Генерал-капитан, глубоко заинтересованный декольте певицы, тщательно продумал, как лавировать с бокалом от одной группы к другой, и разработал осмысленную и четкую стратегию. Однако было ясно, что де Флор его избегала и предпочитала ему общество этого ничем не примечательного, тусклого, безынтересного и лишенного энергии юнца. Поскольку закатить скандал губернатор не мог, важнейшему представителю двора Бурбонов в Каталонии пришлось смириться с диктатом салонного этикета. Ему, рафинированному любителю экзотических женщин, придется не только обойтись без парижаночки, но и с заинтересованным видом выслушивать петицию какого-то нахала, который, с бокалом в руке, все твердил: «Соблаговолите, ваше высокопревосходительство…» Делая вид, что раздумывает над ответом, генерал-капитан поклялся себе, что завтра или, в крайнем случае, послезавтра лягушатница[24] будет лежать у его ног. Нет, лучше у него в постели. Раз уж решил, так и будет, «ишь распустились».

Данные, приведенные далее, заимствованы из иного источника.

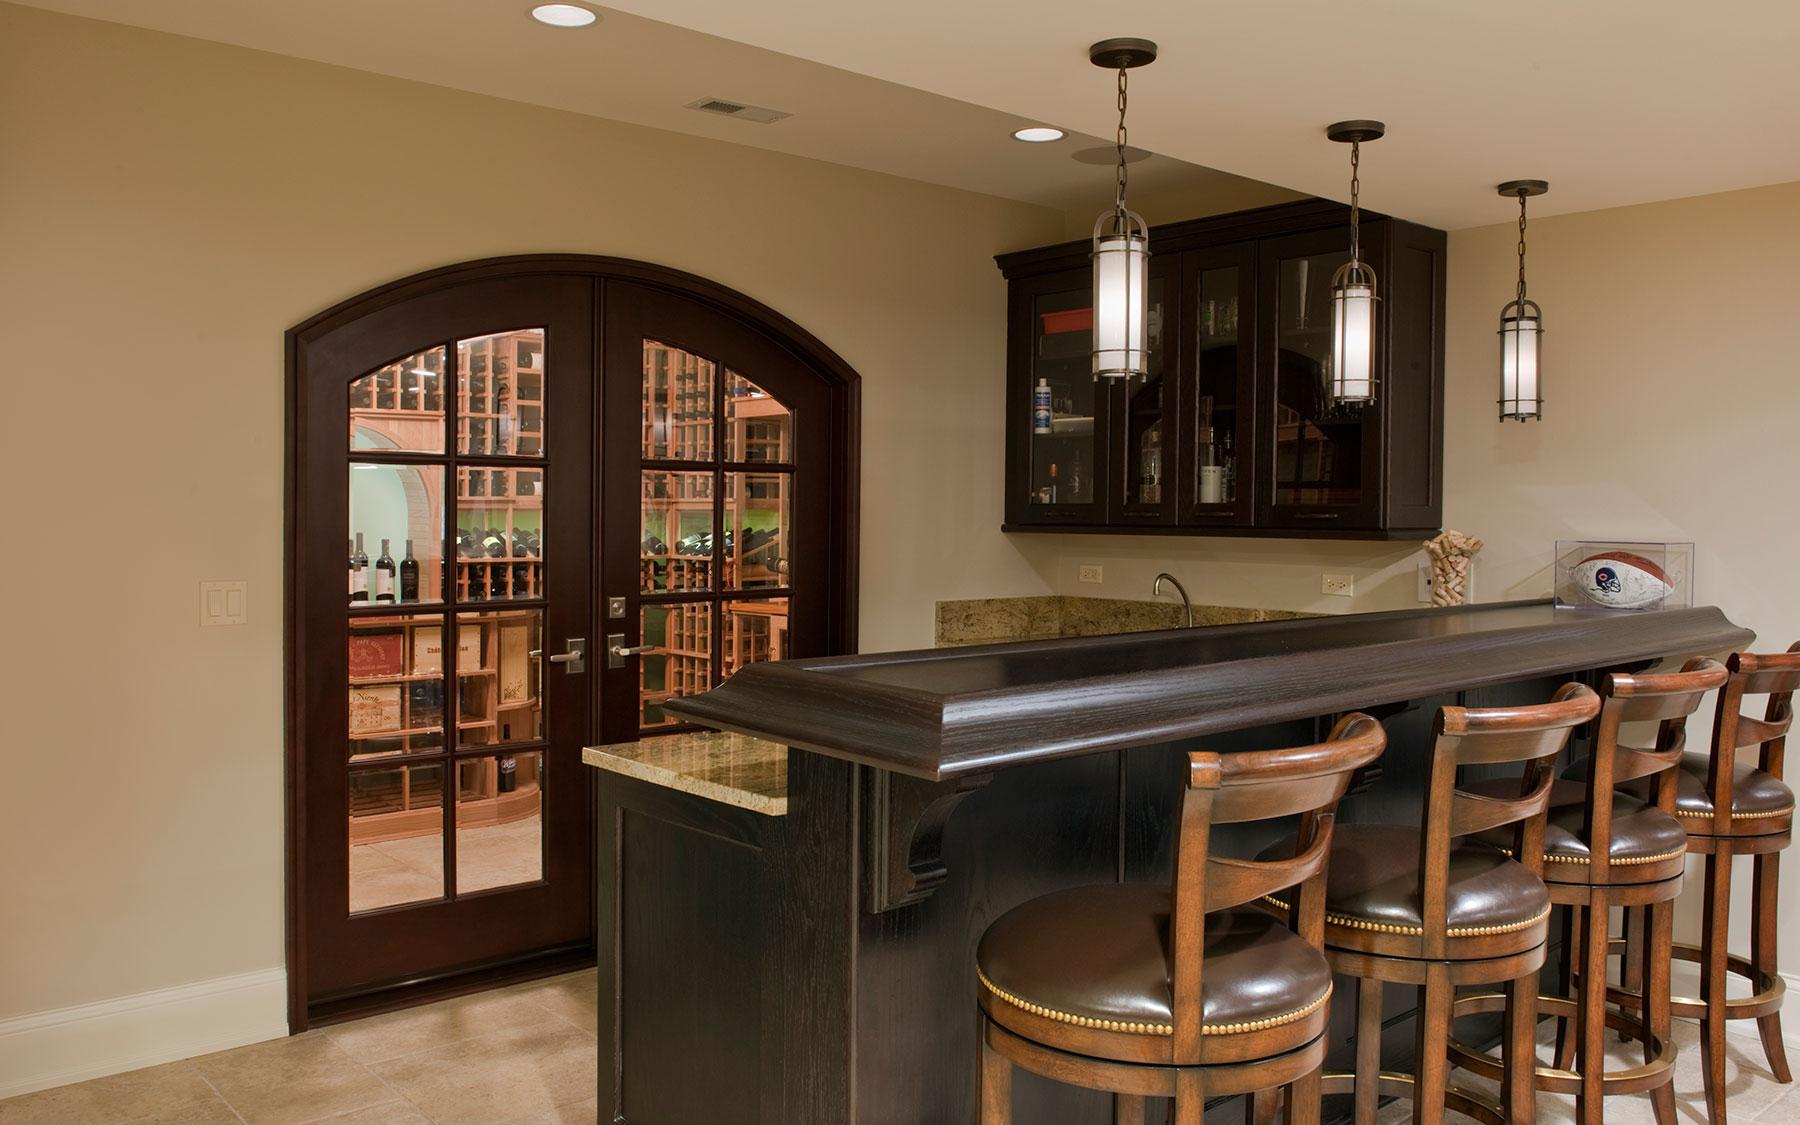 Custom Wood Interior Doors | Custom Interior Arched Top Double Door, Clear Glass with Bevel For Wine Cellar DBI-916A DD - Glenview Doors - Custom Doors in Chicago

В то же время его честь дон Рафель Массо испытывал иное затруднение. Необходимость помочиться возникла у него еще в середине концерта, а удовлетворить ее все не удавалось. Следуя путаным указаниям слуги, он забрел в темный коридор, в конце которого почуял спасительную вонь. Смрад доносился из плохо освещенной комнаты с дюжиной горшков, стоявших там и сям на полу. Трясущимися руками служитель Фемиды разобрался со сложной системой подштанников, и наконец ему удалось утолить насущную потребность. Успокоившись, он некоторое время позевал с членом в руках, как будто царивший в комнате резкий запах наводил его на размышления. В последнее время, так часто, что это уже вредило здоровью, дон Рафель задавался вопросом, счастлив ли он на самом деле. И всегда приходил к скорее печальным выводам. Когда жизнь по прошествии скопления удач и поражений приносит человеку мир и спокойствие, можно заключить, что ты счастлив; но если настороженность, тревога в сердце, беспокойство о том, как бы разоблачить врага, который, вне сомнения, поджидает тебя, таясь за углом, становятся обычным делом и руководят тобой каждую минуту, это знак того, что счастье растаяло, как дым, и его не вернуть, оно утрачено навсегда. Почтенный судья отряхнул член и положил конец раздумьям с несколько унылым вздохом. Пока он застегивался, в комнату вбежал барон де Черта, мочевой пузырь которого, по всей видимости, готов был лопнуть.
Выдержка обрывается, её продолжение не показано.